One solution which avoids MultiIndex is to create a new datetime
column setting day = 1. Then group by this column.
df = pd.DataFrame({'Date': pd.to_datetime(['2017-10-05', '2017-10-20', '2017-10-01', '2017-09-01']),
'Values': [5, 10, 15, 20]})
# normalize day to beginning of month, 4 alternative methods below
df['YearMonth'] = df['Date'] + pd.offsets.MonthEnd(-1) + pd.offsets.Day(1)
df['YearMonth'] = df['Date'] - pd.to_timedelta(df['Date'].dt.day-1, unit='D')
df['YearMonth'] = df['Date'].map(lambda dt: dt.replace(day=1))

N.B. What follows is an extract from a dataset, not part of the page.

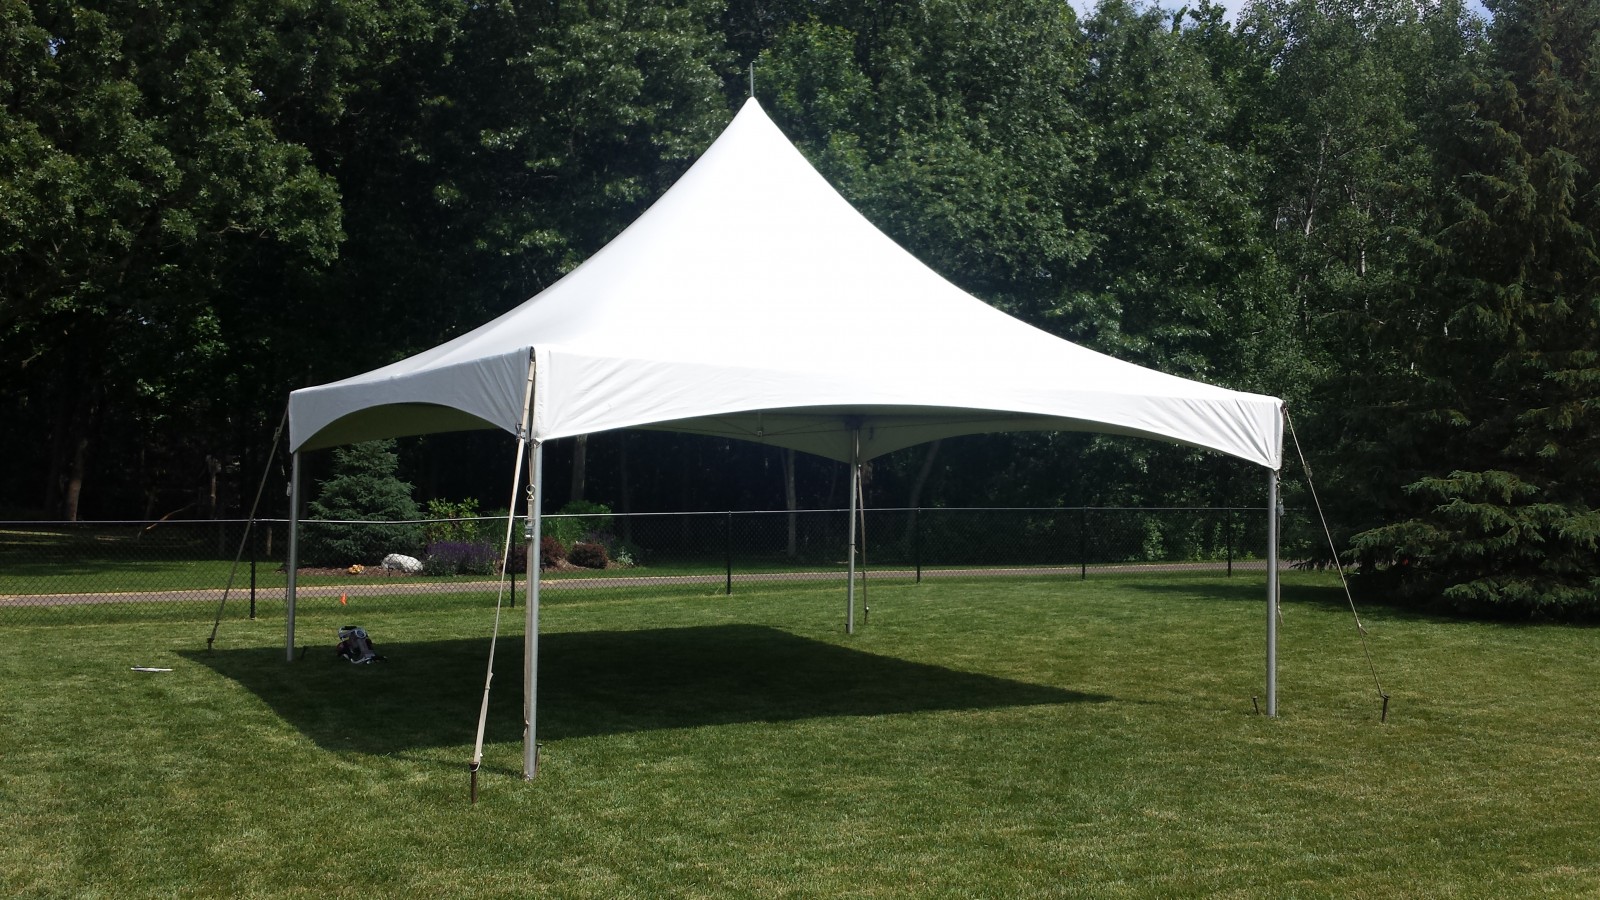 HIGHPEAK-STAKED Canopy 20x20 | Avery Rents Party Supplies Omaha and Bellevue

df['YearMonth'] = df['Date'].dt.normalize().map(pd.tseries.offsets.MonthBegin().rollback)
Then use groupby
as normal:
g = df.groupby('YearMonth')
res = g['Values'].sum()
# YearMonth
# 2017-09-01 20
# 2017-10-01 30
# Name: Values, dtype: int64
pd.Grouper
The subtle benefit of this solution is, unlike pd.Grouper
, the grouper index is normalized to the beginning of each month rather than the end, and therefore you can easily extract groups via get_group
:
some_group = g.get_group('2017-10-01')
Calculating the last day of October is slightly more cumbersome. pd.Grouper
, as of v0.23, does support a convention
parameter, but this is only applicable for a PeriodIndex
grouper.
An alternative to the above idea is to convert to a string, e.g. convert datetime 2017-10-XX
to string '2017-10'
. However, this is not recommended since you lose all the efficiency benefits of a datetime
series (stored internally as numerical data in a contiguous memory block) versus an object
series of strings (stored as an array of pointers).